(Available data)

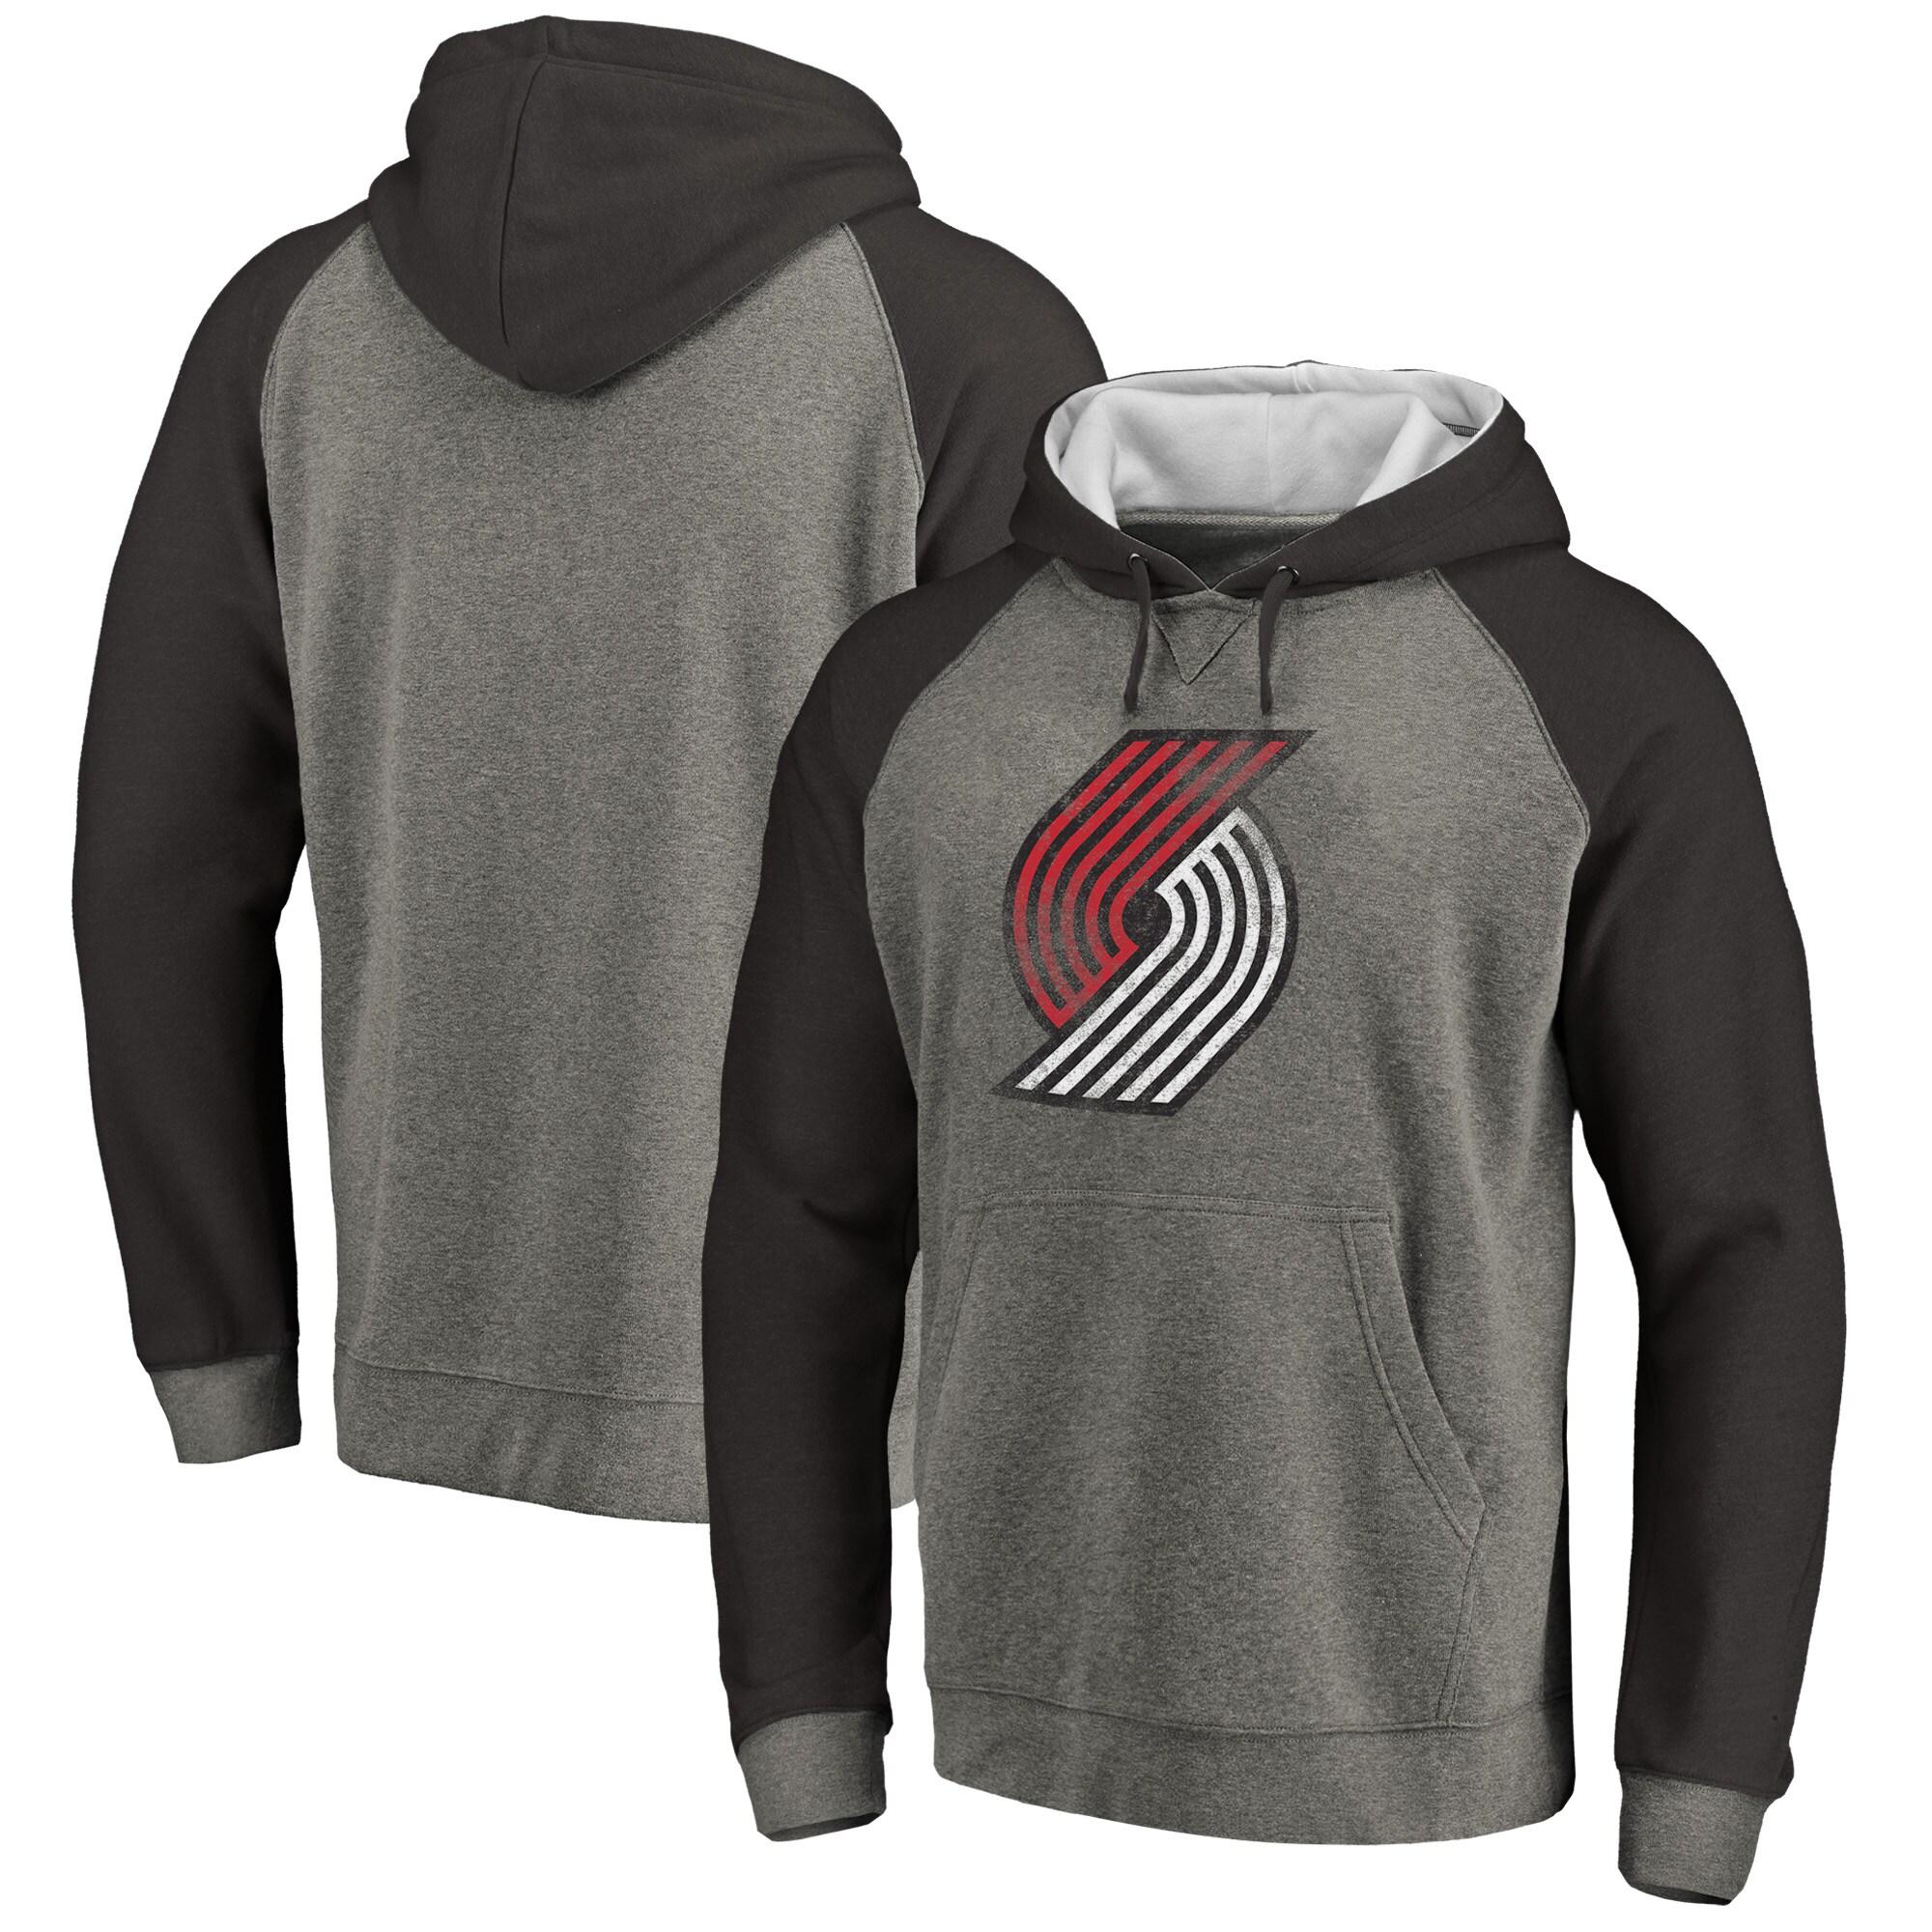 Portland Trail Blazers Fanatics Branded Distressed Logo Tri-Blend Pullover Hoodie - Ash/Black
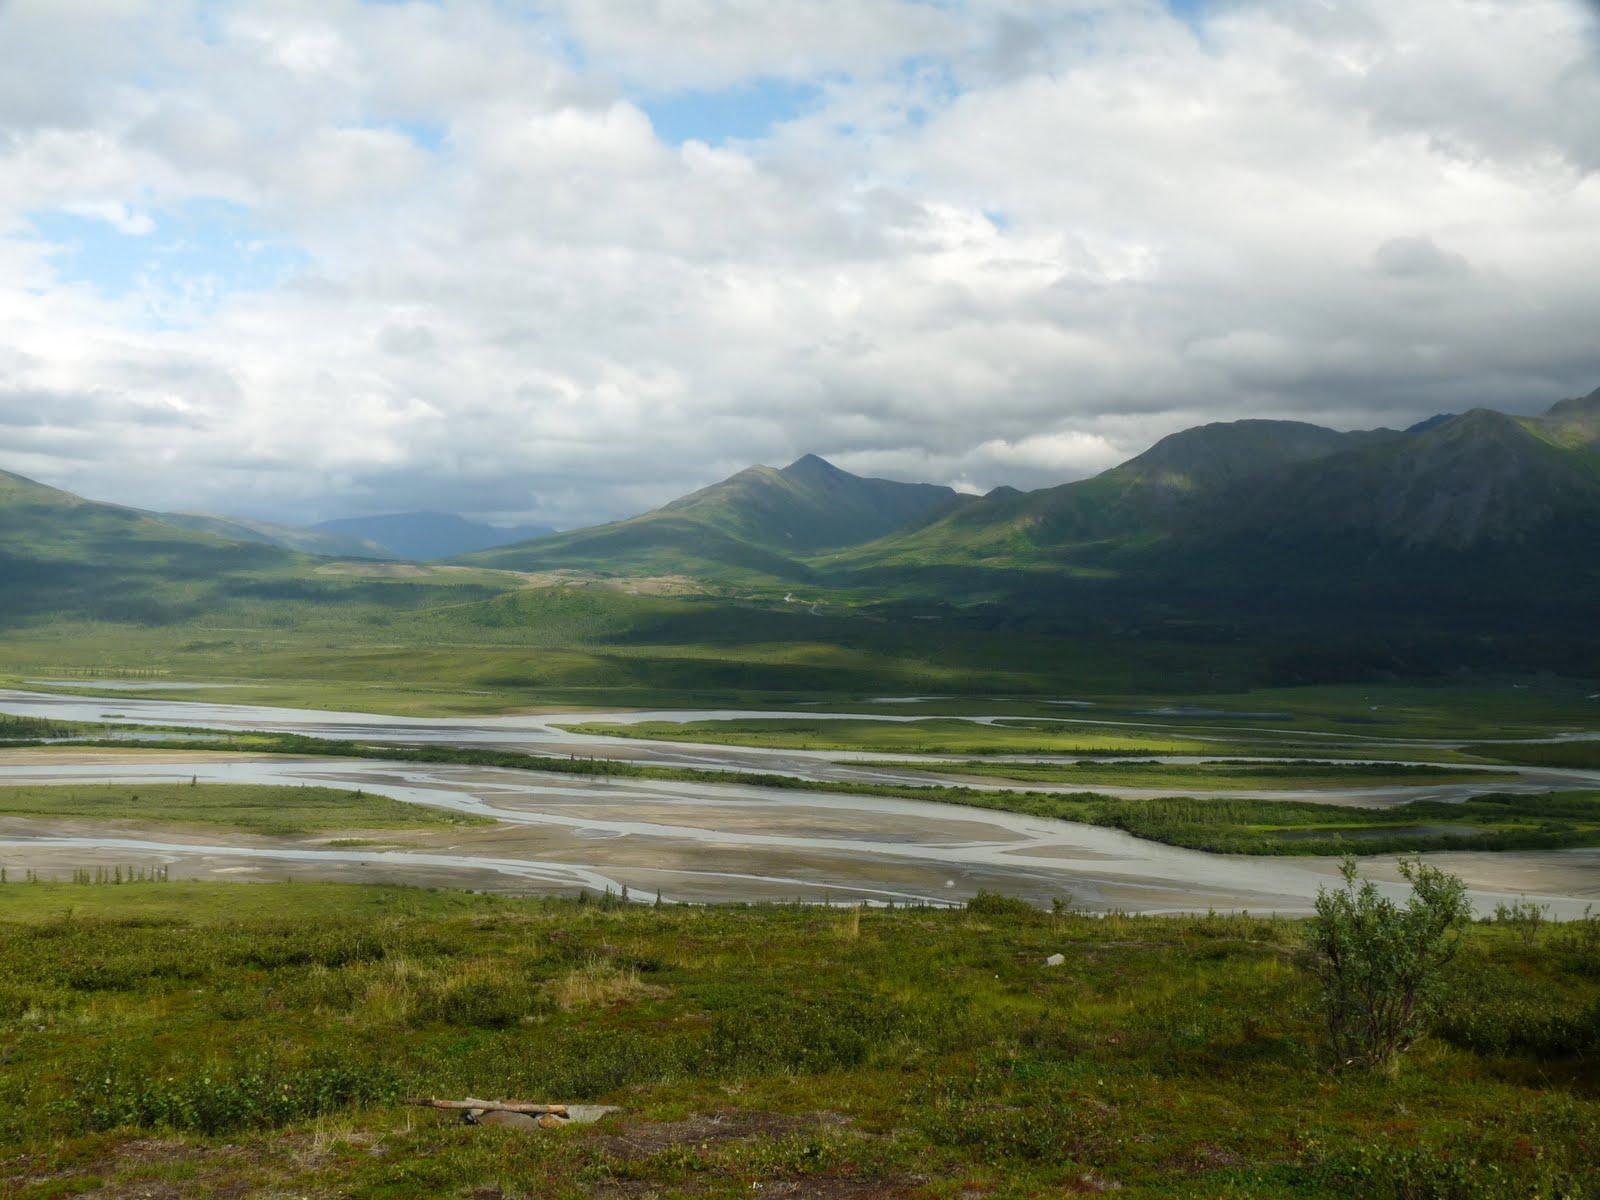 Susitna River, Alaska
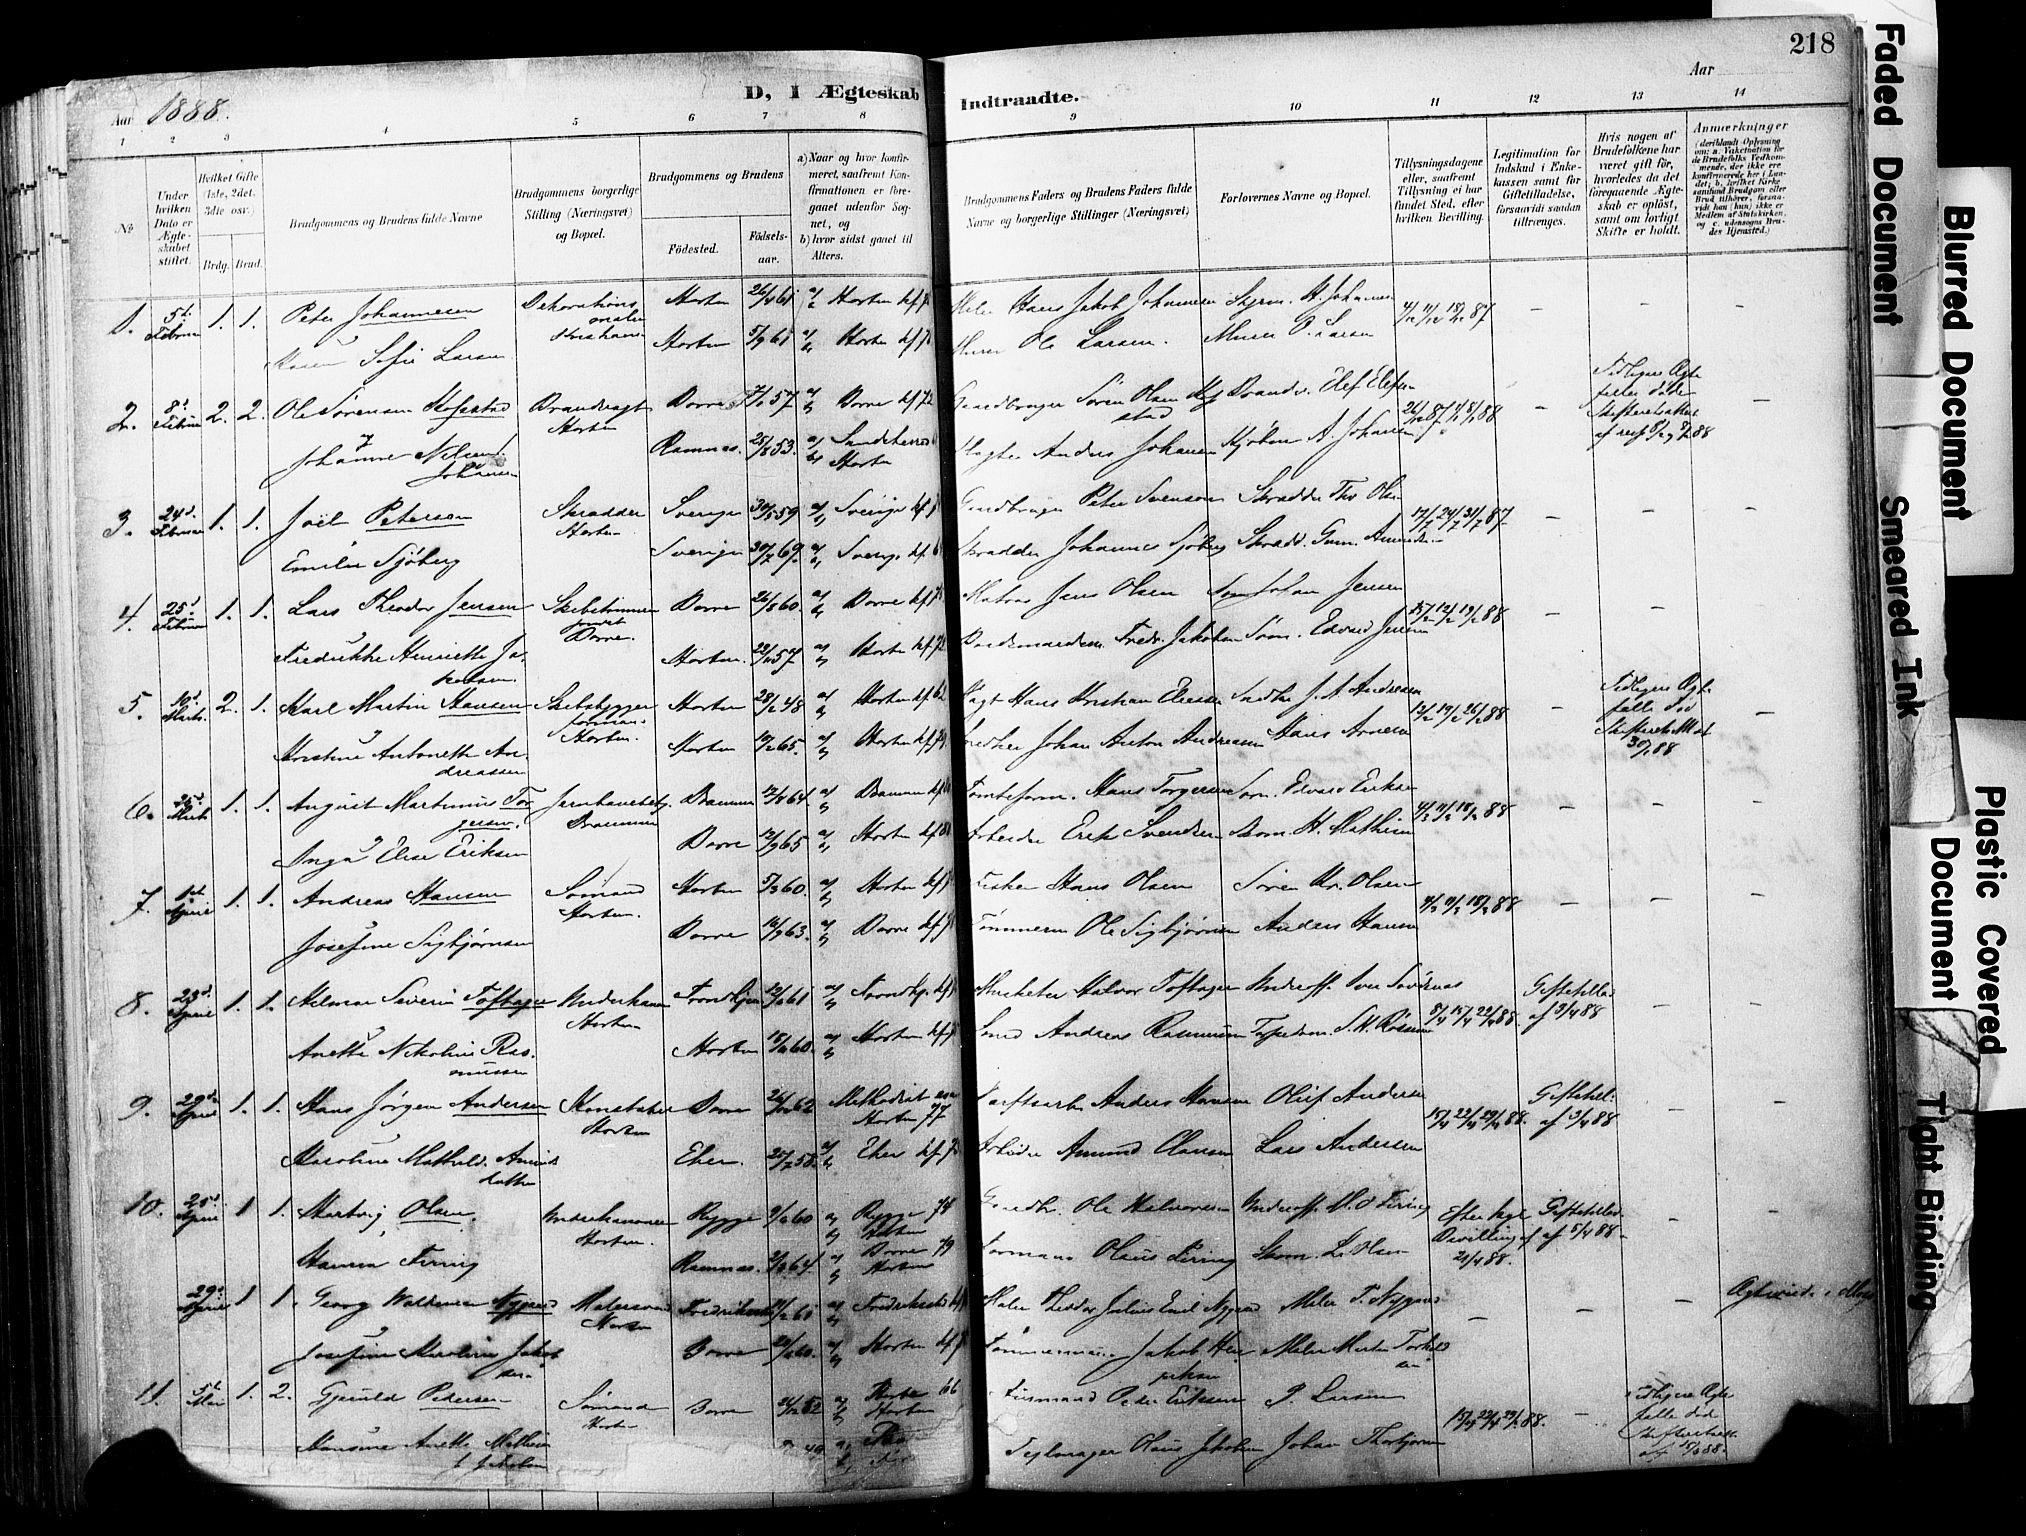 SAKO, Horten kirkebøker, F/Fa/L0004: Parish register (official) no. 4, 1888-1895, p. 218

(End Available data)

--- Task goal ---
Please repeat the listing above word for word, with the pictures removed.

--- Solution to this task ---
 Portland Trail Blazers Fanatics Branded Distressed Logo Tri-Blend Pullover Hoodie - Ash/Black
 Susitna River, Alaska
 SAKO, Horten kirkebøker, F/Fa/L0004: Parish register (official) no. 4, 1888-1895, p. 218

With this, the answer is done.